Work order:
Retype the data exactly, skipping any picture in it.

*** Source data Section Begins ***

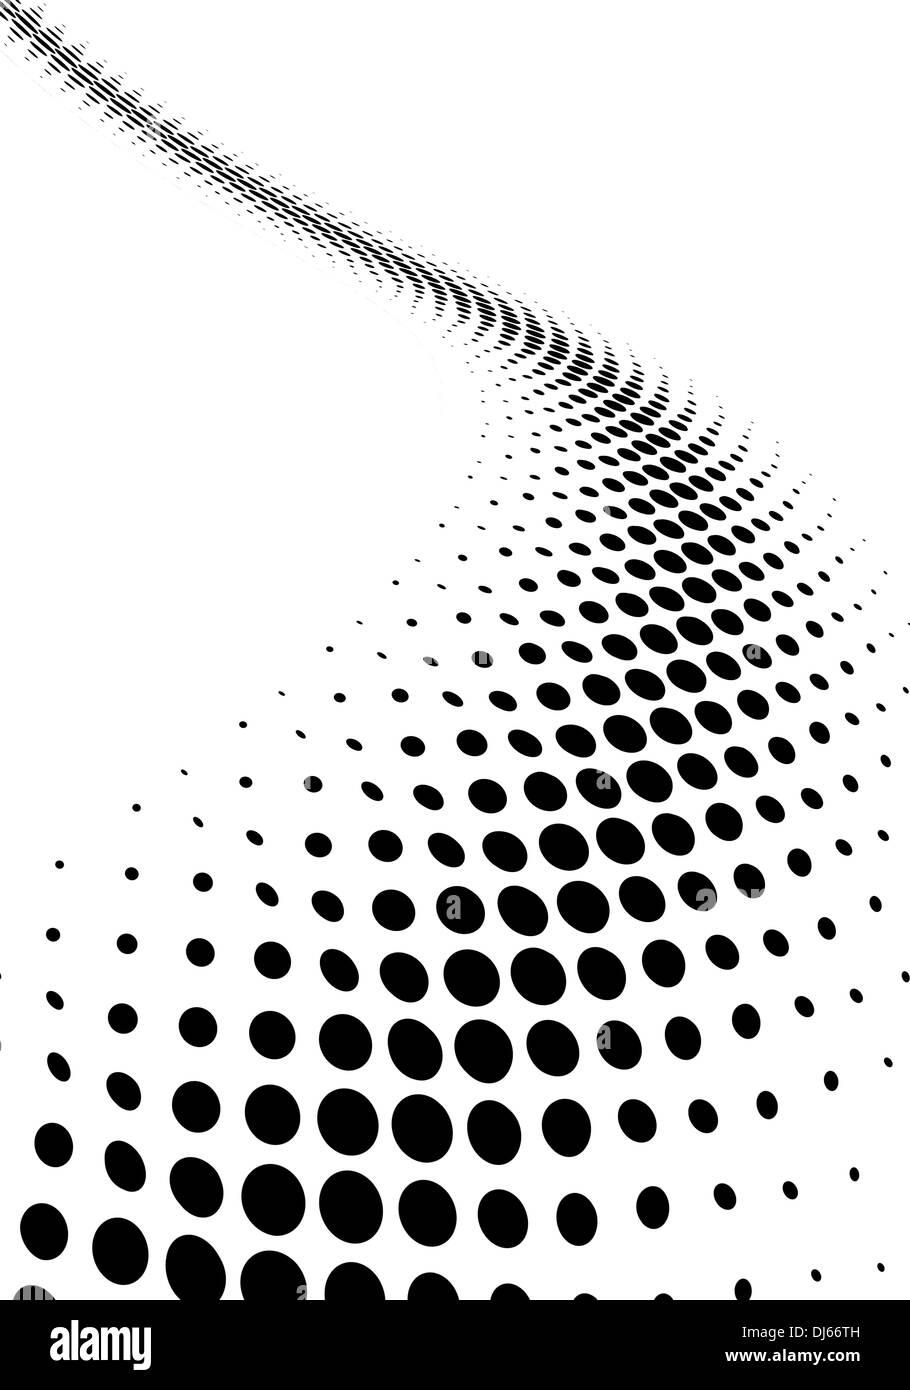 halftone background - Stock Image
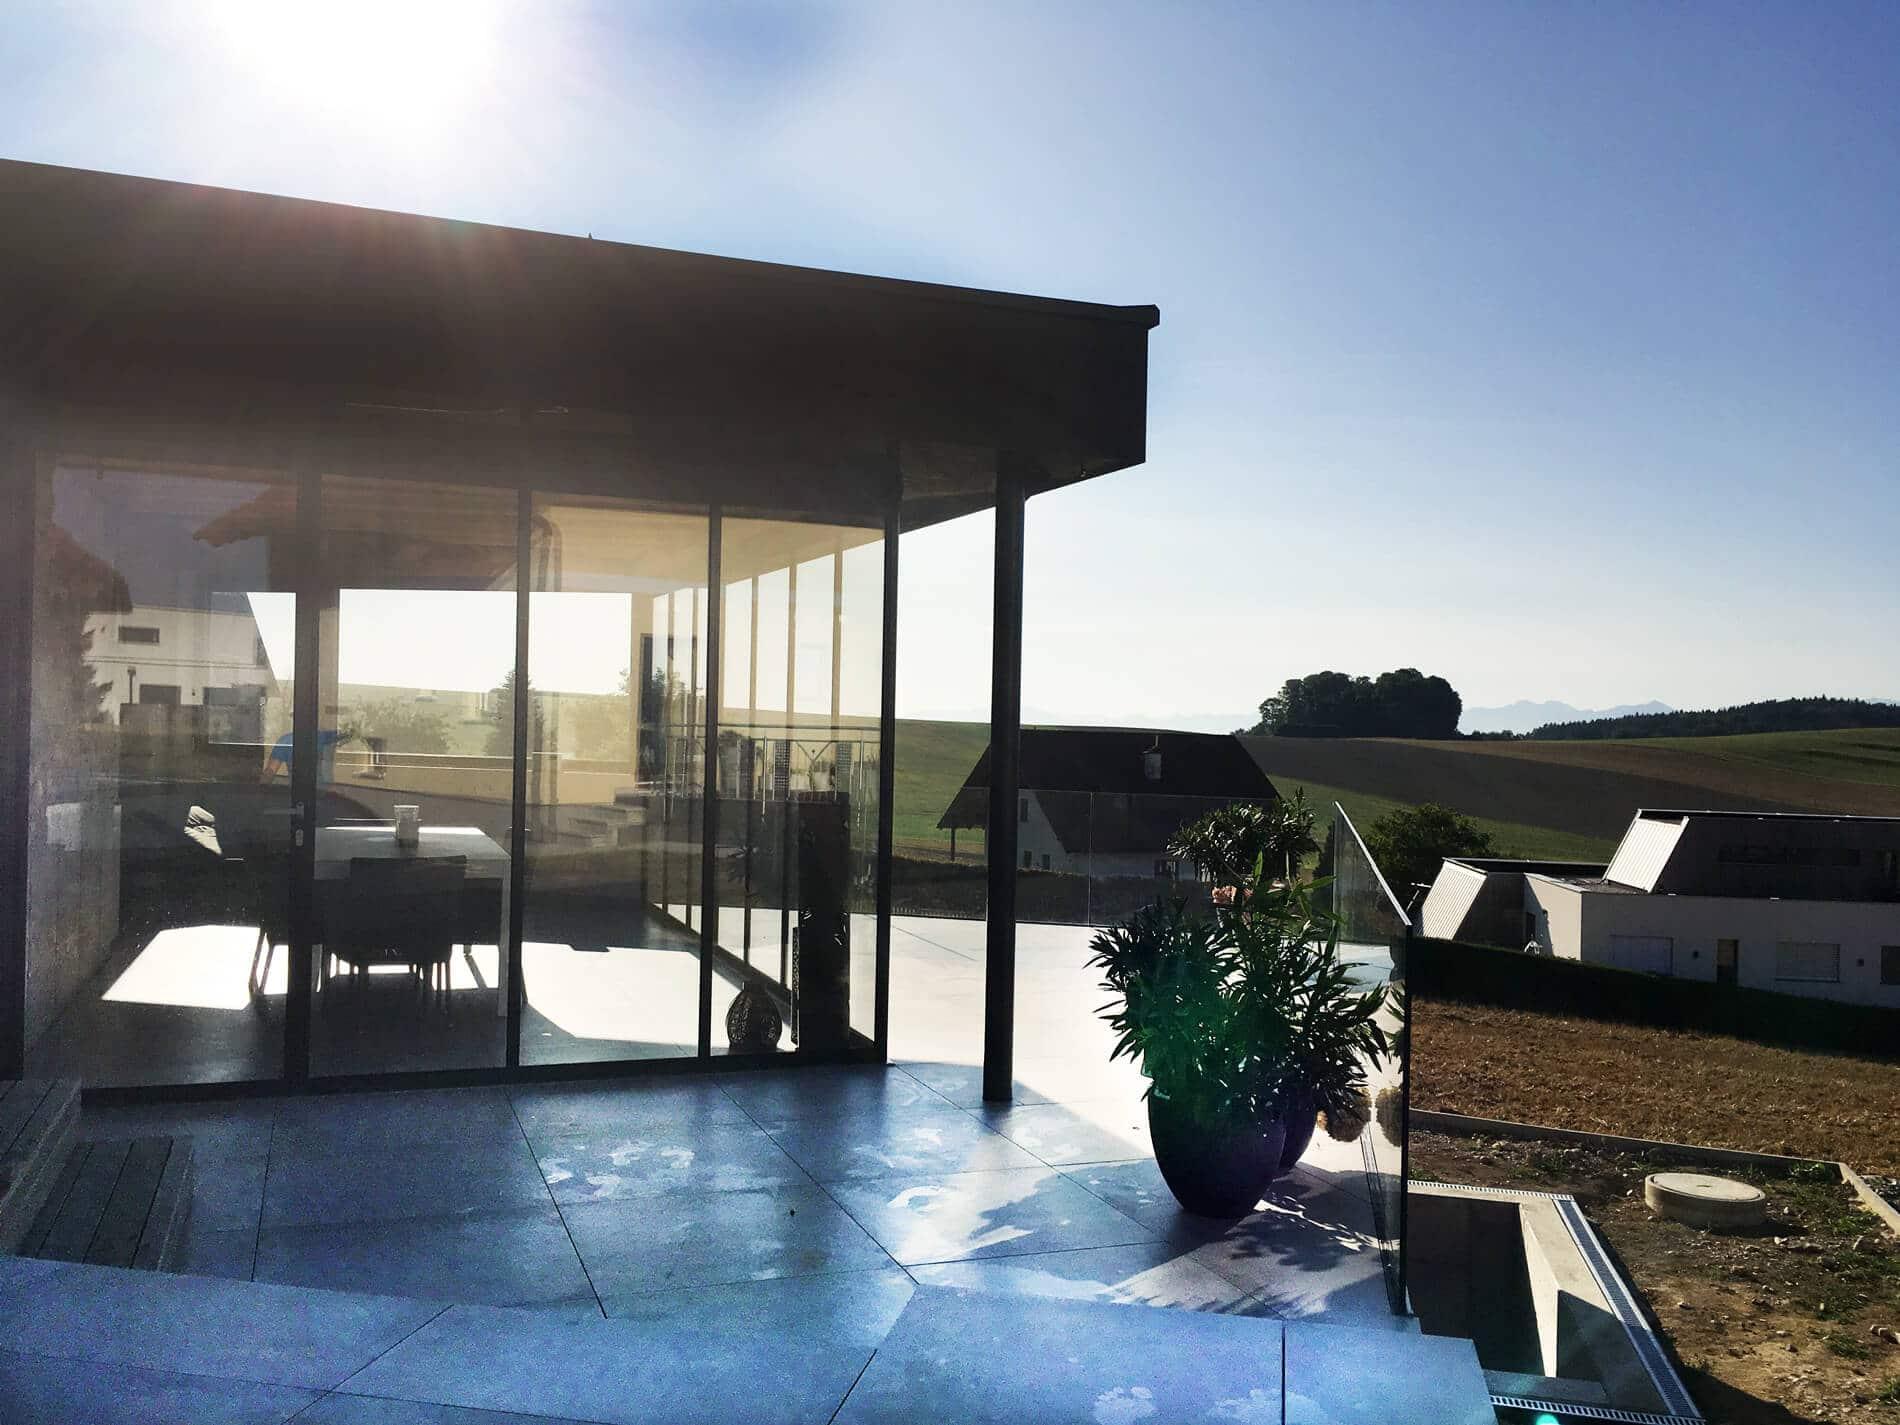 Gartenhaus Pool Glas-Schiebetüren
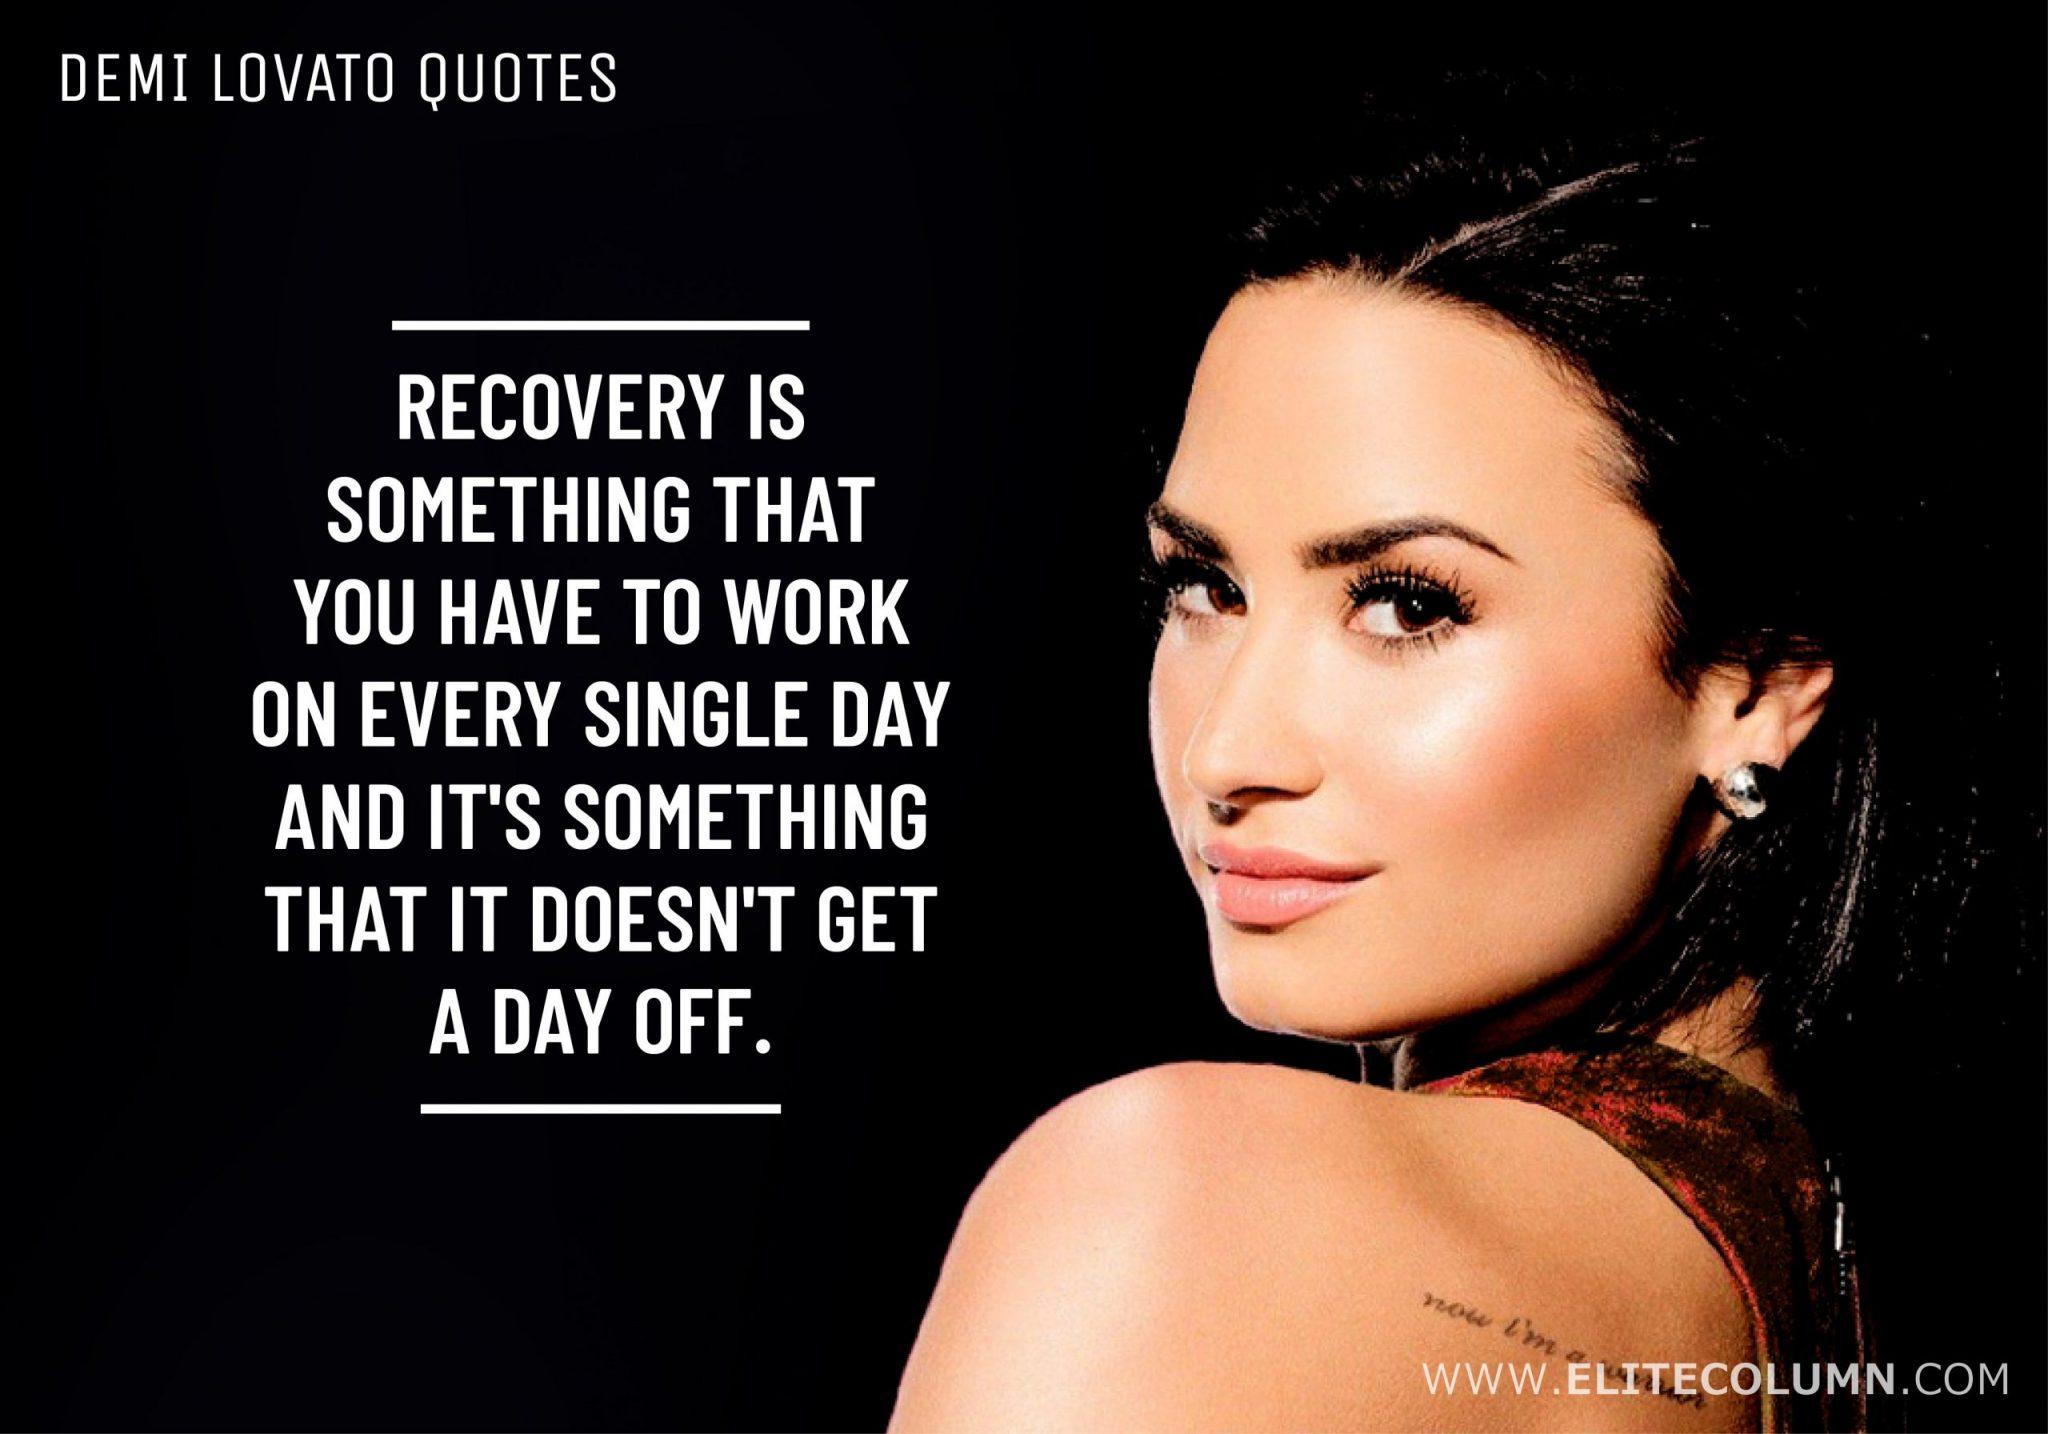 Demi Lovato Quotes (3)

*** Source data Section Ends ***

Solution for this exercise:
 halftone background - Stock Image
 Gartenhaus Pool Glas-Schiebetüren
 Demi Lovato Quotes (3)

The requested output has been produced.